7. Ms. West provided the Board with an update on the Data Security Task Force. The Board inaugurated this group in its January meeting to recommend improved arrangements to protect student and personnel information when faculty had to have access to such data for their duties. She stated that a set of people from across campus had been identified to serve on the Task Force and they had had their first meeting. She indicated that a chair had been chosen [and subsequently updated the Secretary that John Leonard (CoE) had agreed to serve as chair.] Their plan was to prepare a list of recommended action items by October 2009. Jeff Jenkins, who also served on the Task Force, indicated that the team was meeting with Herb Baines in the next week to get input from OIT.
8. Ms. West called on Dr. Tom Morley (Chair) for an update on a Task Force to recommend a new definition of General Faculty at Georgia Tech. Dr. Morley reported that the Task Force had developed a draft of its recommended Faculty Handbook changes and hoped to be finished by the next meeting of the Board. He said people interested in seeing details should send him an email request. Comments were welcome.

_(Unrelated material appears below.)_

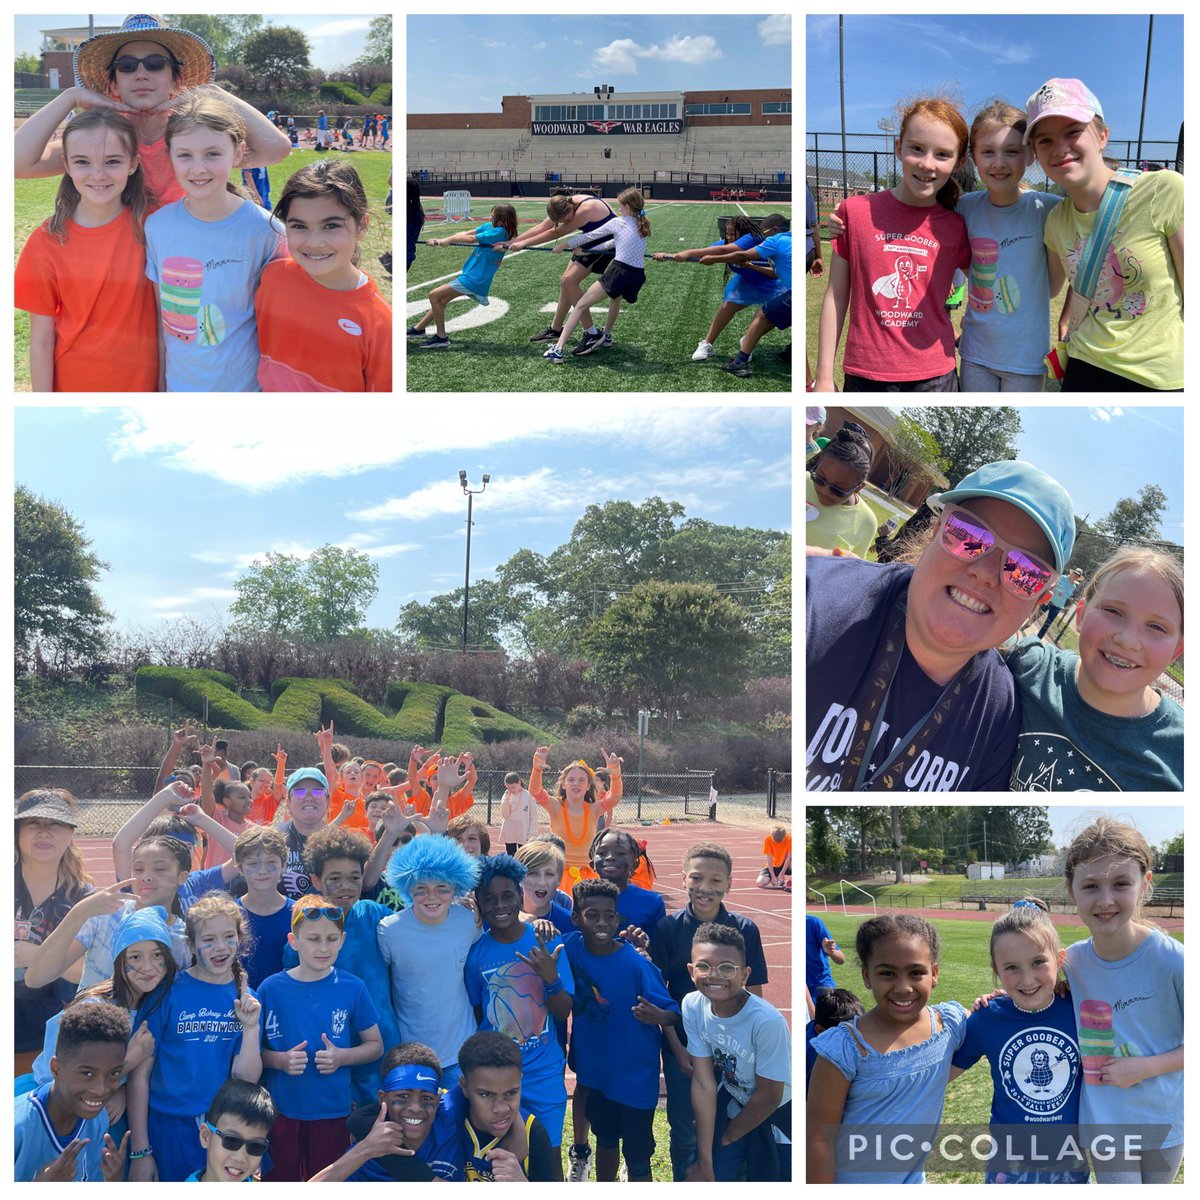 Field Day Fun at the Lower School!!! Thanks to Coach Stratton & all others for a fabulous day! @dandyphillips13 @WoodwardAcademy #woodwardway

9. Ms. West called on Dr. Ron Bohlander, Secretary of the Faculty. He explained that the next scheduled meeting of the faculty on April 21, 2009 was planned as a meeting of the Academic Senate and Academic Faculty. Since it was likely that amendments to the Faculty Handbook would be presented, the Executive Board needed to combine this with a called meeting of the General Faculty. He noted this would also allow the full faculty to meet the new President who would be present at this meeting. He called attention to the fact that the time had also been moved up an hour to 2-4 p.m. in the Student Center Theater. This would allow the President to spend more time at the meeting before he and the Provost had to leave for an engagement in Savannah. Although the agenda would be approved at the April 14 meeting of the Executive Board, Dr. Bohlander felt that actually calling the General Faculty meeting should not wait until then. He therefore moved to call a meeting of the General Faculty and combine it with the scheduled meeting of the Academic Senate and the Academic Faculty on April 21, 2009 from 2- 4 p.m. in the Student Center Theater. The motion passed without dissent.
10. Ms. West asked if there were any reports from the standing committee liaisons. Most reports were of routine progress. Notable highlights:
Dr. Whiteman reported that Welfare and Security Committee had been working to clarify campus smoking policies. Mr. Fowler noted that the Georgia Tech book store sells cigarettes and asked if that might be sending a bad signal of endorsing a dangerous product.† Dr. Whiteman said he would pass on the suggestion.
Ms. Barbara Henry reported, on behalf of the Faculty Benefits Committee, that a close eye had been kept on problems arising from increased healthcare plan costs. When issues arose after the close of open enrollment, assistance was provided to faculty and staff to resolve their problems.
Dr. Williams reported that the Student Regulations Committee was wrestling with options to solve problems that occurred when student regulations were reported in more than one policy manual and different instances of any given regulation were not always in synch. There was also work underway to better express what activities were allowed during Dead Week, the week before exams. Mr. Wellkamp reinforced the importance of these clarifications from the student perspective.
11. Hearing no other business, Ms. West adjourned the meeting at about 4:30 p.m.
Submitted by Ronald A Bohlander, Secretary
April 8, 2009
1) Minutes of the January 27, 2009 meeting of the Executive Board
2) Tabular reports of progress by the Georgia Tech intercollegiate athletics programs on gender equity and minority opportunity.